Parenting Blog

Maybe This Is The Best I Am

The most heartbreaking scene in Greta Gerwig’s coming of age masterpiece Lady Bird isn’t when lead actress Siorsam Roinan dramatically exits her mother’s car thus breaking her arm, but rather when she meekly exits the changing room of a nondescript warehouse style Sacramento clothing store and says to her mom, with tearjerking self-awareness and a gut wrenching depth of humanity, “maybe this is the best I am”.

Every kid is a star. That’s what we tell ourselves when we bring children into this world overflowing with scammy healthcare enrollment robocalls ringing through the bluetooth of our minivans when all we want is to gaze out upon the double rainbow on the starboard side.

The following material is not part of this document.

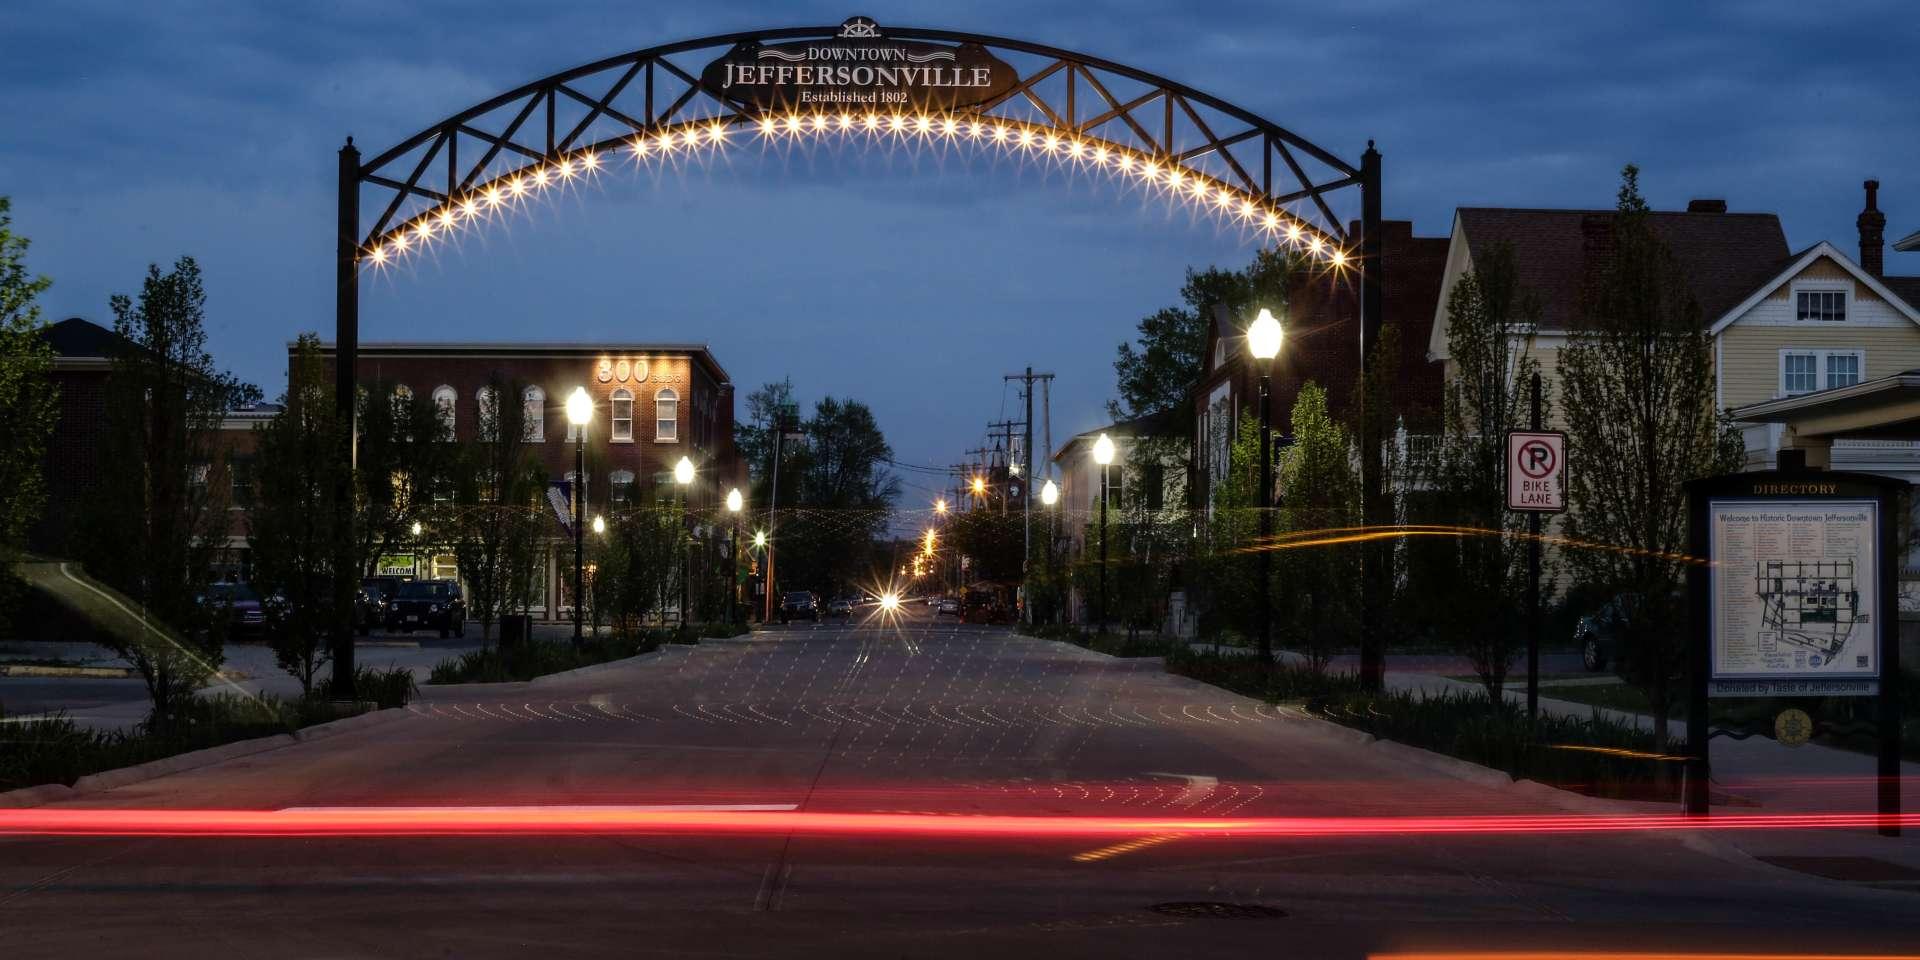 Jeffersonville Arch

We all want our kid to shine like a champagne supernova in the night sky — it’s the fucking glue that binds our misshapen asses together into some kind of society, a society of decent people who’ve banded together to despise Oasis and want nothing but the best for the future. But, over the past couple of decades a well-meaning (that’s me being generous to moneygrabbers) retail trend of empowerment chic has figuratively gone and hung up tacky inspirational quotation office artwork in every room of family homes across America. From the Cartwheeled racks of Target to picture books lining the dark wood shelves at Barnes & Noble, our little grubby-handed lightbeams are being battered with rhetoric that’s nothing more than a manufactured reality in which they, our wide-eyed wee things, not only can be anything they want to become in life but that they god damn better achieve their pie in the night sky dreams in order to be happy. Follow your passions kids! Do what you love! You can be anything!

But a funny thing happened on the way to the mansion in the hills, the gold plated teeth and the tiny pet giraffe: the opposite is proving a real wallop to the down-belows. The ability to construct a definition of success that suits their own particular needs and wants was never allowed to form in our children and as a result of that shitty parlor trick, kids have been growing up and becoming not exactly what they always dreamed of being, but instead, growing up and becoming depressed, anxious, self-loathing adults who hate their shitty job, never traveled to the places they always wanted to see, said ‘sure thing!’ to all the easy Capital One credit they were offered in college, went to college because that’s what we’re supposed to do, and want off the damn ride, only, the high school flunky at the wheel is on another smoke break and there’s no stopping the vomit inducing spin.

And our kids are worst off for it. Not every star in the sky can be seen, and that’s okay.